Меня зовут Натаниэль Уингейт Писли; для тех, кто помнит газетную писанину из времен их родителей или записки и статьи в журналах по психологии лет шесть-семь тому назад, станет ясно и кто я, и каков род моих занятий. В печати было множество подробностей моей странной амнезии 1908–1913 годов, и немалый шум поднялся вокруг преданий ужаса, безумия и ведовства, таимых ветхозаветным городком в Массачусетсе, бывшим тогда и остающимся поныне местом моего пребывания. Я бы, однако, хотел довести до сведения, что ни в наследственности у меня, ни в ранние годы жизни не было никакого безумия, ничего зловещего. Факт этот является крайне важным, имея в виду ту тень, что настигла меня столь внезапно.
Века, вынашивающие свой темный гнет, возможно, и наделили готовый пойти прахом, наваждаемый слухами Аркхэм некоей особенной уязвимостью в отношении подобных теней, но и это видится сомнительным в свете тех других случаев, каковые мне пришлось впоследствии изучить. Но суть состоит в том, что ни в предыстории моего рождения, ни в моем окружении не было никаких отклонений от нормы. Постигшее меня нагрянуло не отсюда — откуда же, я и теперь не решусь утверждать напрямик.
Мои родители Джонатан и Хэнна (Уингейт) Писли — оба из Хэвер-Хилла, из доброго старого рода. Я родился и вырос в Хэвер-Хилле — в старинной усадьбе на Бодмэн-стрит близ Голден-Хилла — и перебрался в Аркхэм лишь в 1895 году, когда приступил к чтению курса политической экономии в университете Мискатоника.
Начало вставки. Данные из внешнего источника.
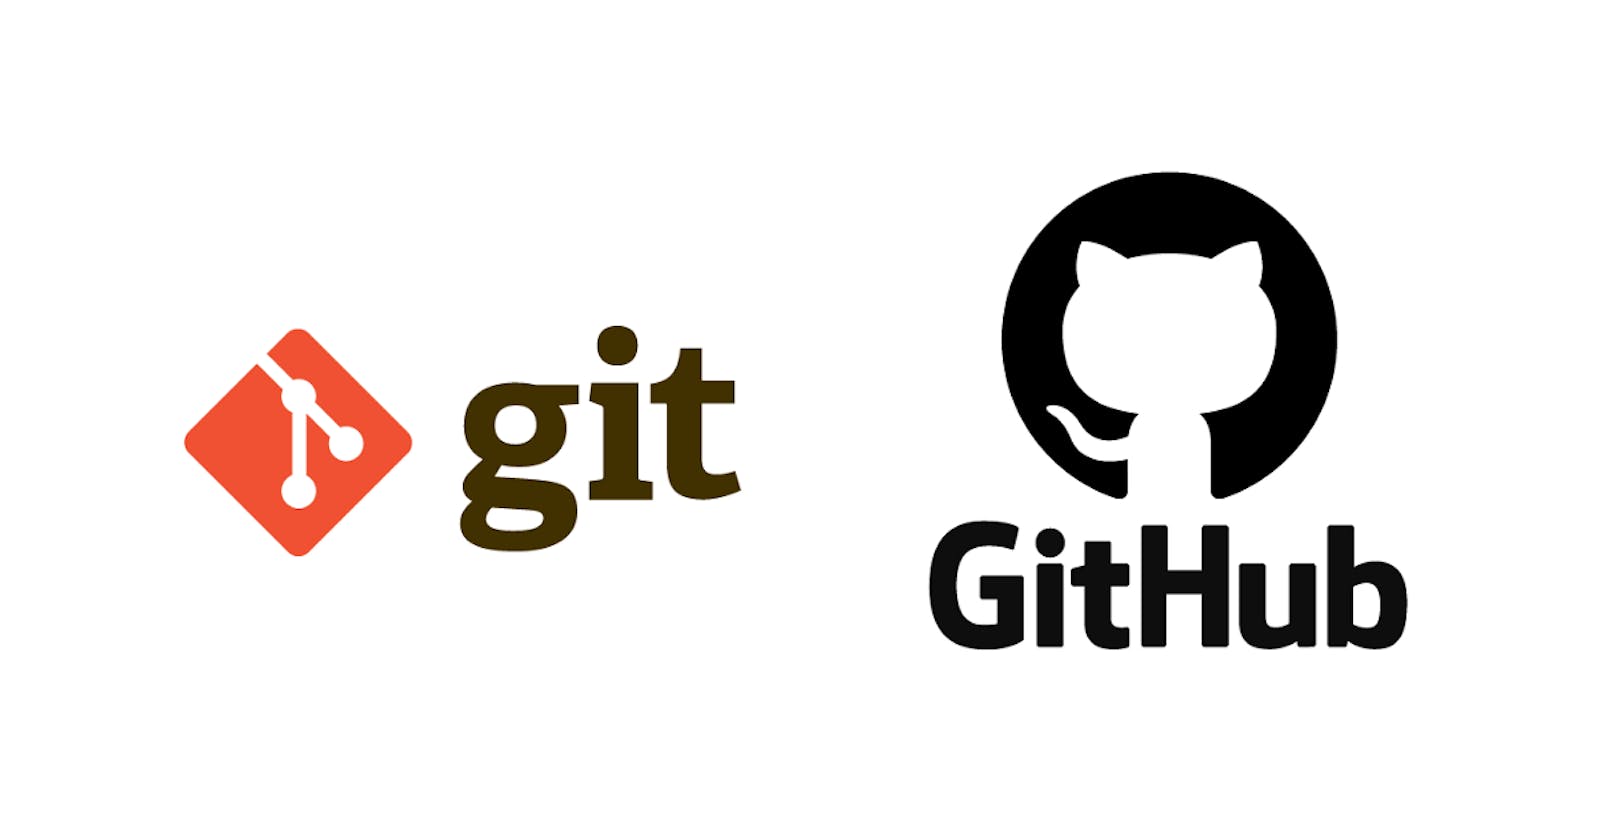 Chapter 1: GIT - Concepts

Еще тринадцать лет жизнь моя протекала беспечально и гладко. В 1896 году я женился на Алисе Кизар из Хэвер-Хилла, и трое моих детей, Роберт, Уингейт и Хэнна, родились соответственно в 1898, 1900 и 1903 годах. В 1898 году я стал доцентом, а в 1902-м профессором. Никогда не проявлял я ни малейшего интереса ни к оккультизму, ни к паранормальной психологии.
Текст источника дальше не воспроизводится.